I am Cuélebre.
I am the ancient one. I am the last of dragon kind upon this earth. I have lived and I have loved for over twelve thousand years. I was hatched when the ice dominated the land. Then great elephants and rhinos and vast herds of horses dominated the steppes of Europe and Asia. When mankind was still a hot primitive mess. So young and full of potential, yet so few and nonthreatening.
The first humans, we had pacts with. These were not the humans of today, but ones that were more robust and rather different in their outlook on life. They were simpler, but far from less stupid. They hunted and we would hunt, at times, with them. Providing them with the warmth when the glaciers grew vicious, when the ice gods wanted to exterminate humanity. We blessed unique individuals among them and created the first Xana.
Then came the newer humans, the ones the modern humans call Neandertals, and an epic if largely one sided war began. They hunted us, but not directly. They became adept at sneaking into our caves and destroying our eggs. Only once did they lead an army equipped with stone and bone against us. It did not go well for them. Stone tools do not pierce dragon hide well. And as punishment, in a lazy fashion, we hounded them to extinction.
Then, modern humanity.
Far more mercurial than the Neandertals. Or their cousins, the Denisovans. We could make pacts with some, but others were far, far more dangerous than their heavy browed, stocky relatives. Other than actions of handfuls though, they did not come for us and we largely left them alone. Humanity was dangerous, whatever their form. However, the capacity to become Xana was still within them.

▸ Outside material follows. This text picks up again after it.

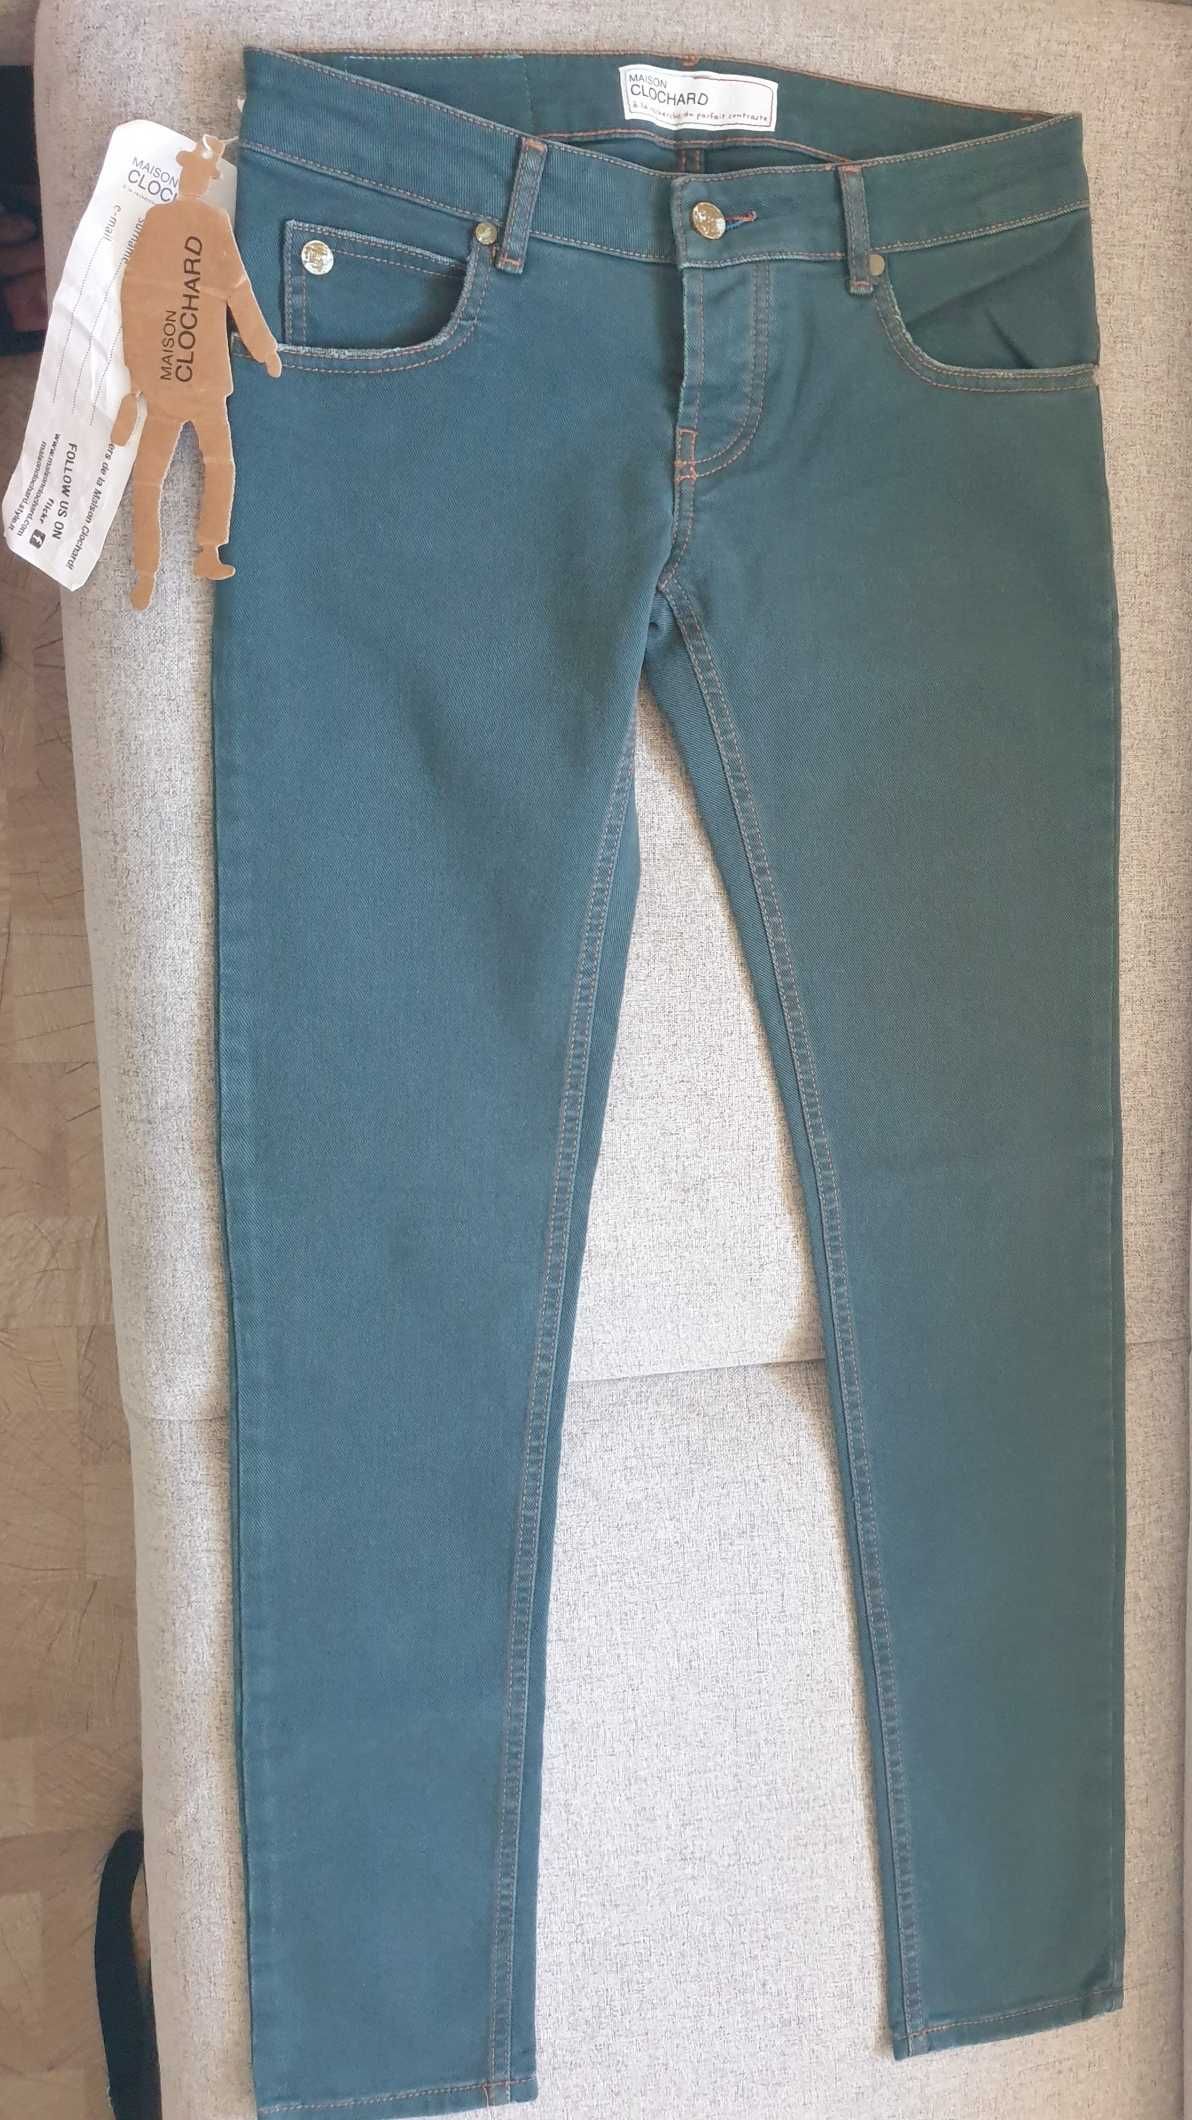 Jeans slim fit MAISON CLOCHARD, Made in Italy, Noi, cul verde-turcoaz

When humanity first forged metal, I had warned dracon-kind of what was coming. They had not listened. They had not heeded. Too many had withdrawn from direct dealings with humanity and our kind lives a long time and seasons are for us as days are for humans.
And then the dragonslayers came. In their armor and with their spears and with their evil, genocidal intent.
And we burnt their crops and destroyed their villages and sacked their lairs, their so-called castles. We even tried to bargain, by taking their female offspring, but this seemed to engender a even hotter rage. And the dragonslayers came even more often.
It would be a slow, grinding defeat for my kind. We would fight. We would die. It was only once iron was found that I felt we were doomed. That cursed metal we both love and hate: we need it for ourselves to ingest for our hyperoxyengated blood and it can pierce our hide the easiest of all. And then came steel.
And, finally, humanity found its own 'dragonfire': gunpowder.
Then was when I knew it was time to flee. And I fled. I went west and for a century, I had peace. And then that damnable dragonslayer followed me. And cursed me. I could not rid myself of that sword: it was embedded in my chest.
In fleeing from the slayers, I did, in time, meet, Andrea. She was a sickly human who was dying. Her village had been burnt in some interhuman war over the lands as the Europeans expanded into these new lands and the natives fought back.
I needed help to fight off the slayers. And perhaps rid myself of the sword. I knew the slayers were drawn to it. And until I rid myself of it, they would keep coming. A pact with a human that makes them Xana gives them immortality and magic even as it strips them of some of what it is to be human. Perhaps that magic could rid me of the sword.
The pact was made, I dubbed her Dracen Kaida, but the sword could not be removed. The Curse was too strong. We survived as humanity seemed grow strong, too strong and we fled. We dealt with the slayers as they came. Sometimes they escaped. Some times not. In time, we began to toy with them, like a cat with a mouse. And every time, they died. Save once.
And now, this day, I felt Dracen die. My Xana was dead. I vented my fury. I felt the pain. The shock. The pure drakonian rage. I flew off to the encampment of this latest slayer. The one that was so different, a woman. I sought her and wanted to consume her charred flesh and bone, the pitiful mortal, the one who killed me Xana, my companion.
I found the encampment and found Dracen. I became livid and burned the entire place to ash. I did not find this new slayer though. This one was cunning and only struck when she knew she had the upper hand. This one was dangerous.
I hunted for two weeks, then three. I did not find her. She was already gone. I returned to my cave, my nest, my cavern. Black as pitch and lit only with the flame I so gave. And then I waited. The slayer would be back and I would deal with her.
Six weeks later, I heard a buzzing in the mouth of the cave. Like angry bees. What was it?